The country’s three state-owned drillers are planning capital expenditure of at least 530 billion yuan ($84 billion), up 4.6% from 2021. PetroChina Co. and Sinopec are budgeting for more spending than any oil major outside Saudi Aramco, despite smaller market capitalizations than many Western giants.
The spending plans align with Beijing’s emphasis on energy security as it tries to keep economic growth steady amid persistent virus outbreaks and skyrocketing global commodity prices. The country has broadly pushed for more domestic production since tariff wars with the U.S. began in 2018, highlighting its vulnerability as the world’s biggest importer of oil, gas and coal.

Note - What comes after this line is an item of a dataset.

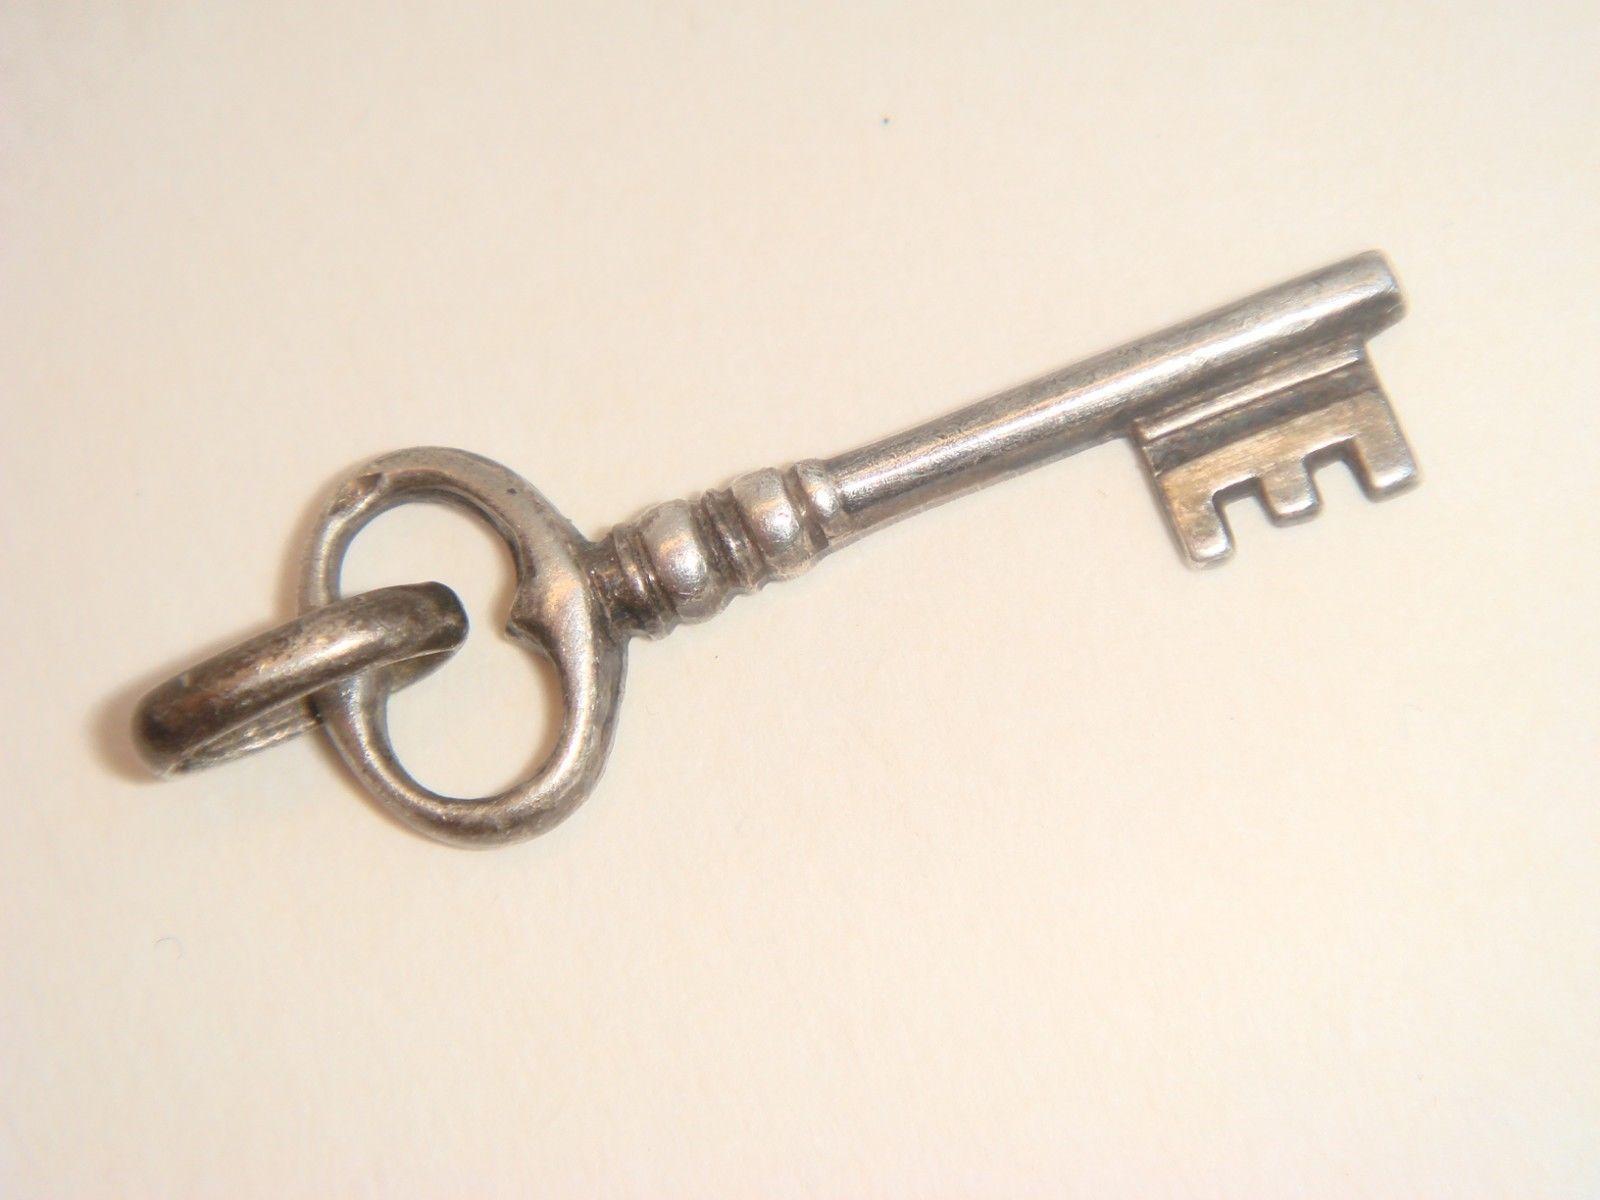 e785cfc1d8b ANCIEN pendentif clef bijoux argent - EUR 8

Sinopec is planning an 18% spending increase to 198 billion yuan, a record for the company, while offshore driller Cnooc Ltd. is aiming for 90 billion to 100 billion yuan, a slight increase from 2021. PetroChina plans to spend 242 billion yuan next year -- it had budgeted 239 billion for 2021, but the final figure came in at 251 billion.
China called for companies to boost gas production and keep oil output at high levels in its five-year plan for energy development published last week. PetroChina Vice President Ren Lixin echoed the theme on an earnings call Thursday, saying the company would maintain stable oil output while increasing gas.
“Oil growth will slow and gas will be bread and butter for them now,” said Henik Fung, an analyst with Bloomberg Intelligence.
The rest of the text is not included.